[Date Prev][Date Next][Thread Prev][Thread Next][Date Index][Thread Index]
Re: Additional "in" operator for fields being lists of strings
From: |
Marcin Szewczyk |
Subject: |
Re: Additional "in" operator for fields being lists of strings |
Date: |
Fri, 31 Jul 2020 11:35:25 +0200 |
User-agent: |
Mutt/1.10.1 (2018-07-13) |
On Thu, Jul 30, 2020 at 10:43:59PM +0200, Jose E. Marchesi wrote:
> Marcin Szewczyk <marcin.szewczyk@wodny.org> wrote:
> > One question comes to mind. Should the != operator mean:
> > 1. at least one enum value different than or
> > 2. none of enum tokens may be equal to the specified value.
> > [...]
> > Should a normalization step be taken?
> > Like:
> >
> > Device: plumbus
> > Tag: plubus
> > Tag: dinglebop fleeb
> > Tag: grumbo
> >
> > to (only for enum fields):
> >
> > Device: plumbus
> > Tag: plubus dinglebop fleeb grumbo
>
> I would say we clearly want 2. for the semantics of != when applied to
> enumerated fields. Normalizing is indeed necessary.
>
> > Currently, I cannot see any exclusion operator. For multi-field strings
> > neither 'Y!="y3"' nor '!(Y="y3")' will exclude a record if there is any
> > Y field that matches these conditions. So the second semantic variant
> > would give something new and interesting but also incompatible with the
> > current string semantics. [...]
>
> Hmm, I don't think don't need to keep the existing string semantics for
> enums, because in properly conformed data each Tag are restricted to
> have only one of the valid values, i.e.:
>
> --- foo.rec ---
> %rec: Device
> %type: Tag enum dinglebop fleeb plubus grumbo
>
> Device: plumbus
> Tag: dinglebop fleeb plubus grumbo
> --- end of foo.rec ---
>
> $ recfix foo.rec
> foo.rec:5: error: invalid enum value.
But if the user has always used the properly structured variant
(accepted by recfix), ie.:
--- foo.rec ---
%rec: Device
%type: Tag enum dinglebop fleeb plubus grumbo
Device: plumbus
Tag: dinglebop
Tag: fleeb
Tag: plubus
Tag: grumbo
--- end of foo.rec ---
executing `recsel -e 'Tag != "fleeb"' foo.rec` would change output from
returning the record to returning nothing (assuming that both expanded
and non-expanded forms should mean the same thing).

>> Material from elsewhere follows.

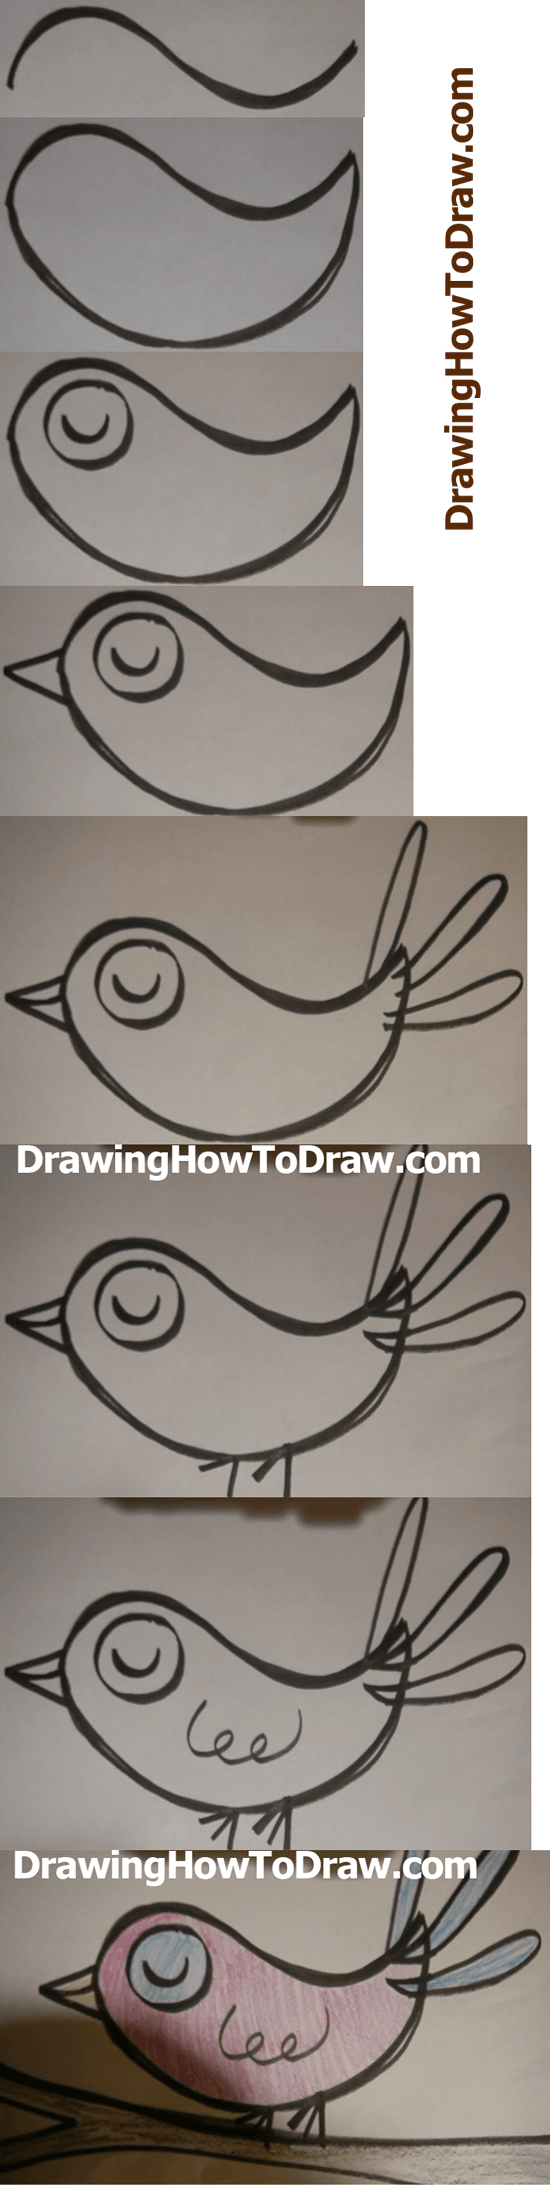 How to Draw Cartoon Birds Simple Step by Step Drawing Lesson for Children

Which form of using multiple enum values should be canonical:
- SFMV: single field with multiple values (non-expanded) or
- MFSV: multiple fields with single values (expanded)?
Implementing SFMV would probably be quite easy and based on strtok() in
the ops switch.
The MFSV form would probably require a serious change in `rec_sex_eval`
implementation[1] to give semantics 2. of the `!=` operator.
Do you think that normalization should be:
- explicit and applied permanently eg. by recfix or
- implicit and calculated just for SEX evaluation?
Or maybe a trick should be implemented:
- official representation of serialized records should be MFSV (explicit
normalization) but
- for ease of implementation internal representation used for SEX
evaluation should be SFMV (implicit normalization)?
One more thing that comes to mind is: should access to enum tokens
(multiple values per field) be implemented (if allowed) over
`rec_record_get_field_by_name` or should `rec_record_get_field_by_name`
itself be capable of indexing in the following implicit normalization
manner:
Tag: plubus
Tag: dinglebop fleeb
Tag: grumbo
Tag[0] = plubus
Tag[1] = dinglebop
Tag[2] = fleeb
Tag[3] = grumbo
[1]: Not all combinations checked when more than one multiple-value field
present
https://lists.gnu.org/archive/html/bug-recutils/2020-07/msg00004.html
--
Marcin Szewczyk
http://wodny.org